On unsteady motion of a rotating fluid bounded by flat porous plates

Abstract

In this paper, an investigation is made of the unsteady flow generated in a viscous, incompressible and homogeneous fluid bounded by (i) an infinite horizontal porous plate atz=0, or (ii) two infinite horizontal porous plates atz=0 andz=D. The fluid together with the plate(s) is in a state of solid body rotation with a constant angular velocity Ω about the z-axis normal to the plate(s), and additionally, the plate(s) performs non-torsional elliptic harmonic oscillations in its (their) own plane(s). A uniform suction or injection is introduced in the configurations through the porous plate(s) and its influence on the unsteady flow and the associated boundary layers is examined. The unsteady flow field as well as the associated boundary layers is obtained explicitly. In contrast to the unsteady rotating flow without suction, solutions of the present problem with suction exhibit no resonant phenomena.
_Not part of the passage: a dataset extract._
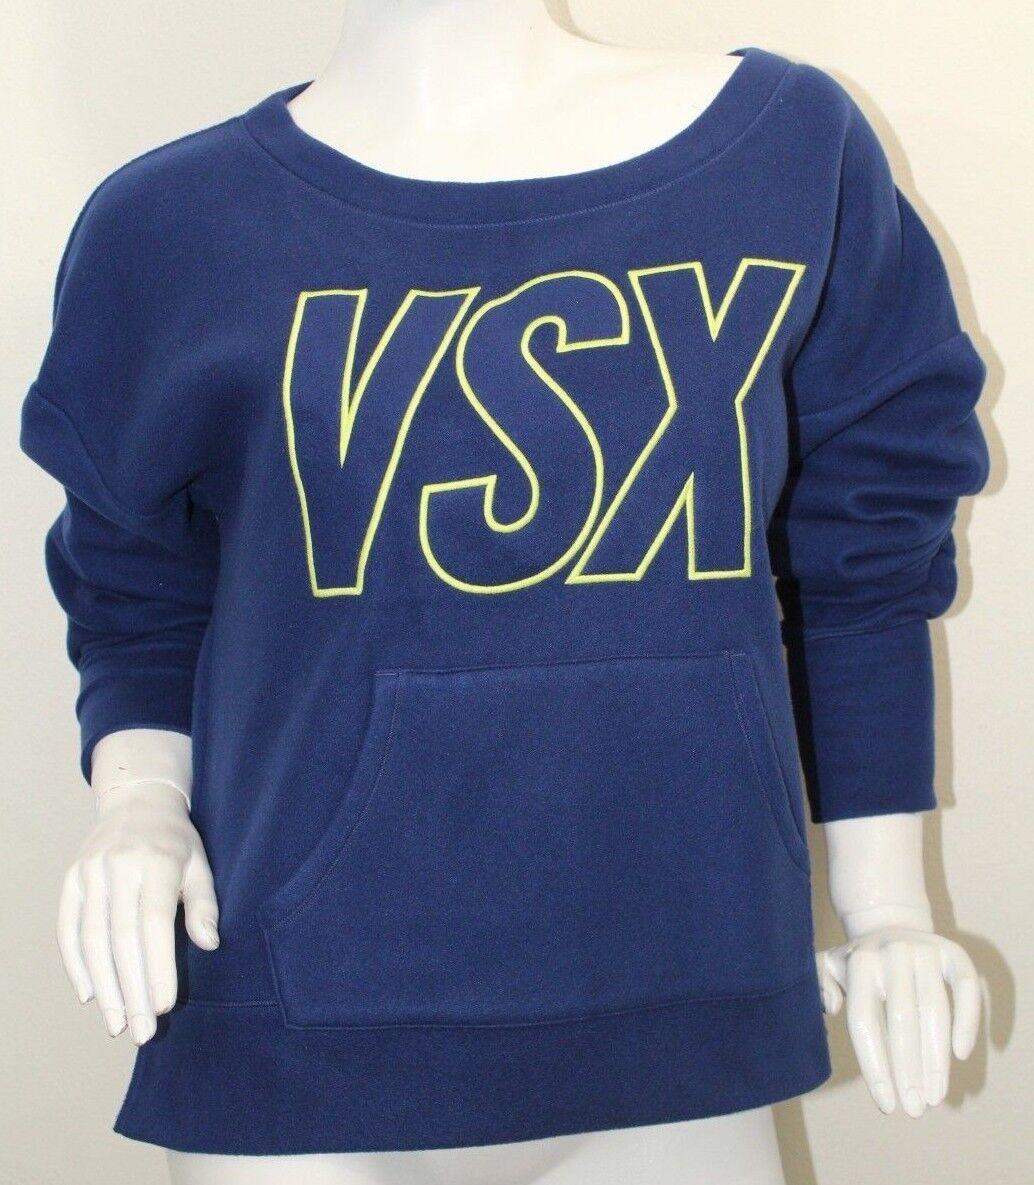 Victoria's Secret VXS Sport Soft Fleece Sweatshirt Blau Sz XS,S,Med,Large NWT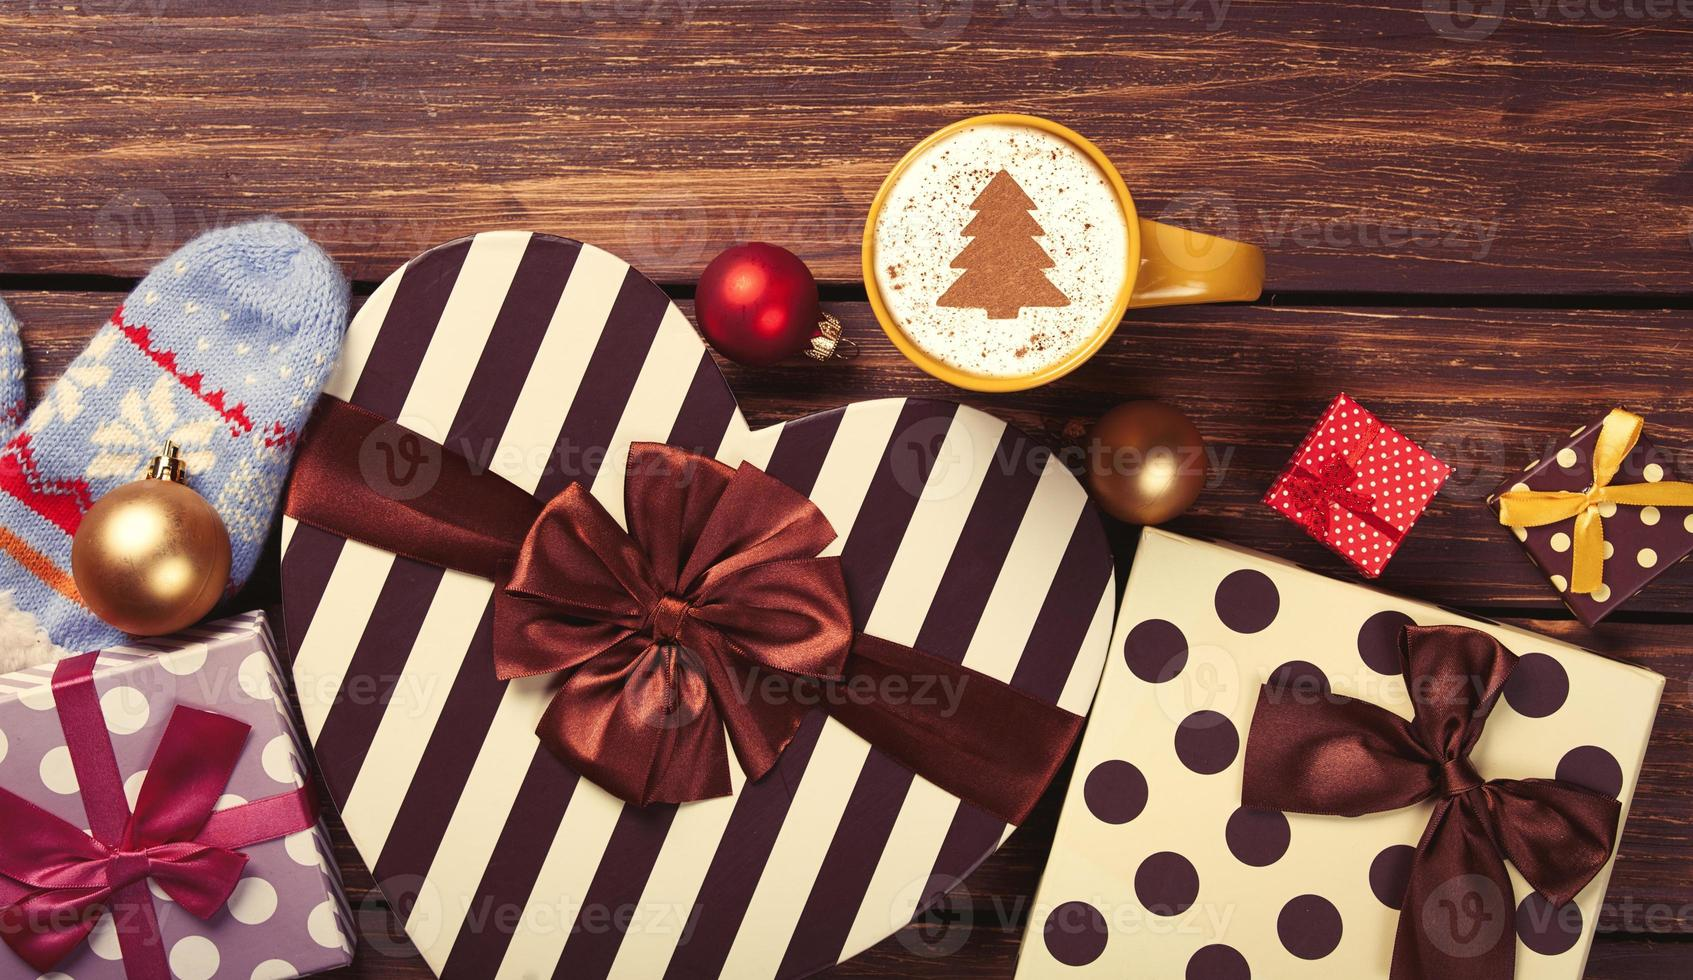 cappuccino com formato de árvore de natal e presentes foto

It is shown that the suction is responsible for making the boundary layers thinner and for the elimination of the resonant phenomena. It is confirmed that the velocity field and the associated multiple boundary layers are significantly modified by suction. Physical significances of the mathematical results are discussed. Several limiting cases of interest are recovered from this analysis. The initial value problem for both the configurations is exactly solved by the Heaviside operational calculus combined with the theory of residues.